Academic medical centers that contract with Los Angeles-based Salick Health Care say it's too soon to tell how a British drugmaker's buyout of the cancer-care company and alleged ouster of its founder, Bernard Salick, M.D., will affect those agreements.
"I think it's too early to even talk about," said Andrew Smith, a spokesman for Temple University Health Sciences Center in Philadelphia, one of 11 hospital-based outpatient cancer centers operated by Salick.
But a spokeswoman for Berkeley, Calif.-based Alta Bates Medical Center, another Salick site, said management is examining the situation.
"We really don't know how it will change (or) if anything will change," the spokeswoman said.
Last week, London-based Zeneca Group completed its buyout of Salick, begun in 1995 when it acquired 50% of the company. The $9 billion pharmaceutical concern then placed Zeneca's Michael J. O'Brien in charge of Salick Health Care's operations.
Anthony LaMacchia, senior vice president of operations at Salick Health Care, said none of its hospital affiliates had voiced concern about the latest developments.
Salick specializes in providing patient-friendly healthcare services. In addition to 11 outpatient cancer sites, the company operates 10 outpatient dialysis centers and provides inpatient dialysis at more than 20 hospitals across the country.
Under Salick's 10- to 35-year management agreements with hospitals, the company provides the equipment and management expertise needed to run its medical center-based outpatient centers. Salick retains 80% to 85% of the net profits.
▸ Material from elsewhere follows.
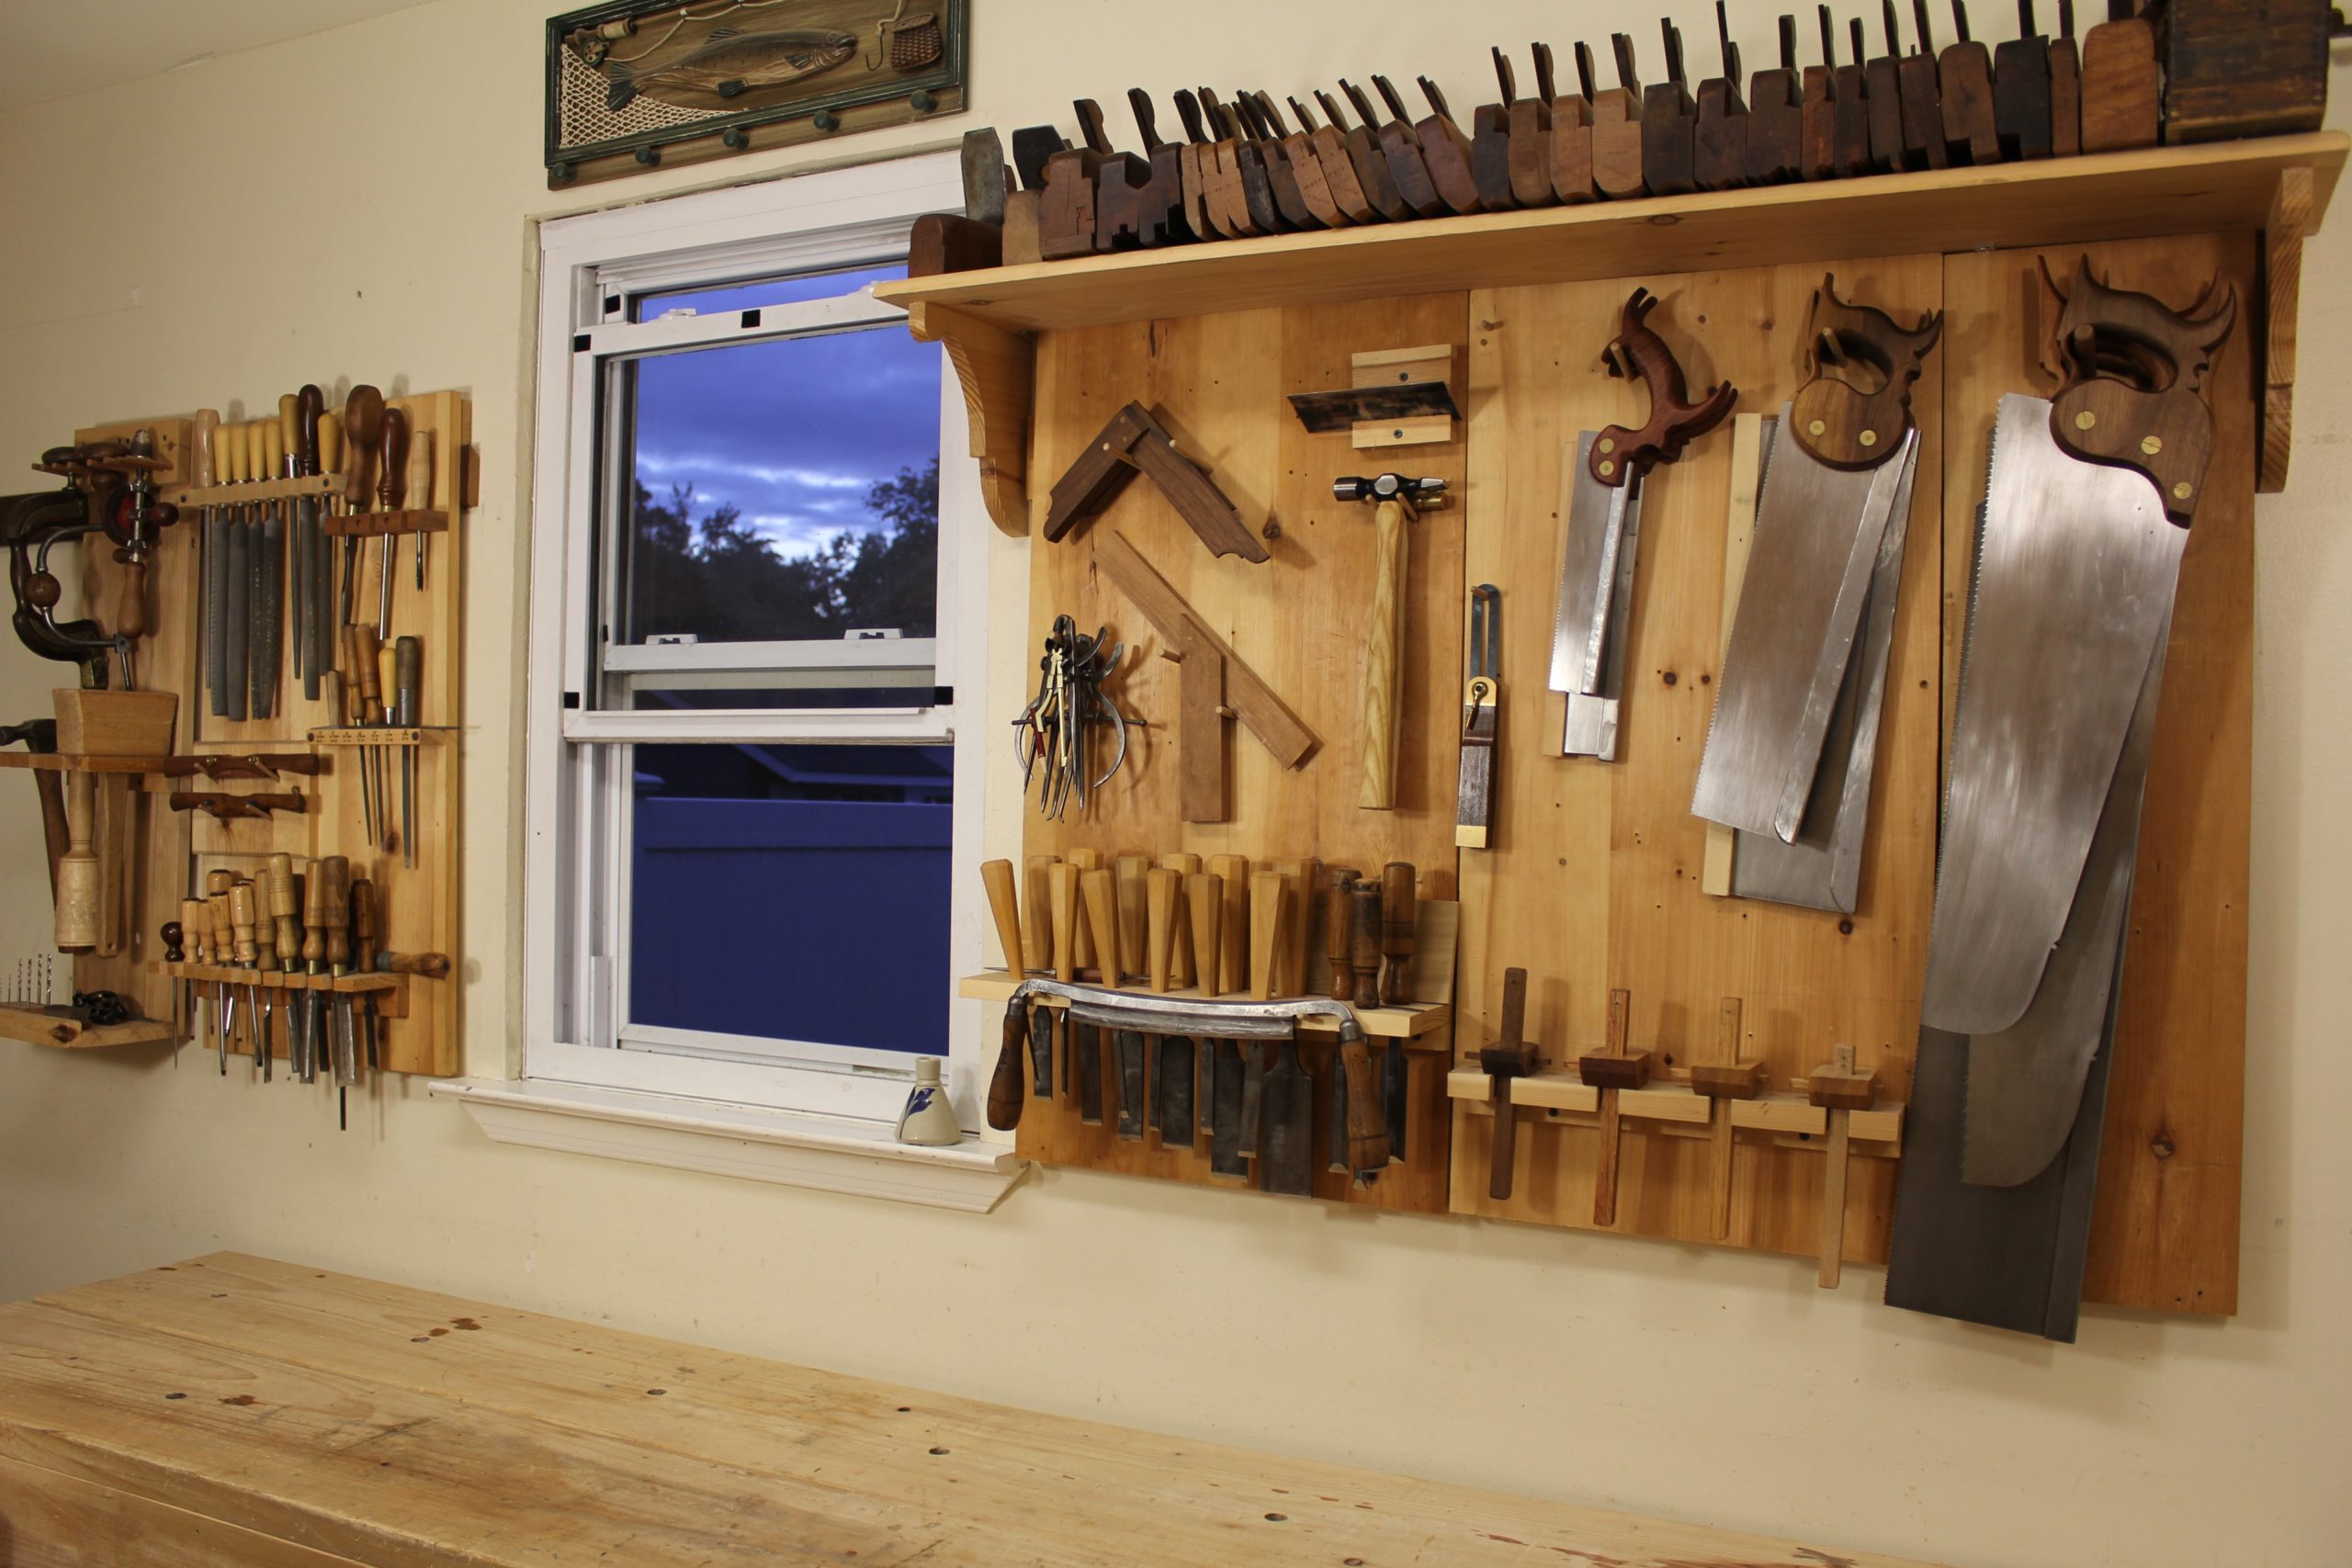 Storing Hand Tools on the Wall

In 1995, the company agreed to sell 50% of its stock to Zeneca in a $204 million transaction designed to help Salick expand. Late last month, Zeneca said it would buy the remaining shares of the company in a deal valued at $234 million (March 31, p. 7).
Some observers say such integration strategies, which pair drugmakers with drug prescribers, raise ethical questions (Dec 16, 1996, p. 2).
But Judith Auchard, a spokeswoman at Zeneca's U.S. headquarters in Wilmington, Del., said the purchase of Salick never was about selling more drugs.
"It's about Zeneca having access to outcomes data," she said.
The volume of Zeneca products prescribed by Salick doctors is just 2% of all the drugs they prescribe and "a minute fraction of a percent of Zeneca's total pharmaceutical sales," she added. "In our view, there is no conflict of interest."
Regina E. Herzlinger, a Harvard Business School economist and former member of Salick's board of directors, doesn't worry about Zeneca pressuring doctors to use its drugs because that would be "kind of stupid." Nor does she worry about oncologists folding under such pressures because they are "so strong minded, so devoted to what they are doing."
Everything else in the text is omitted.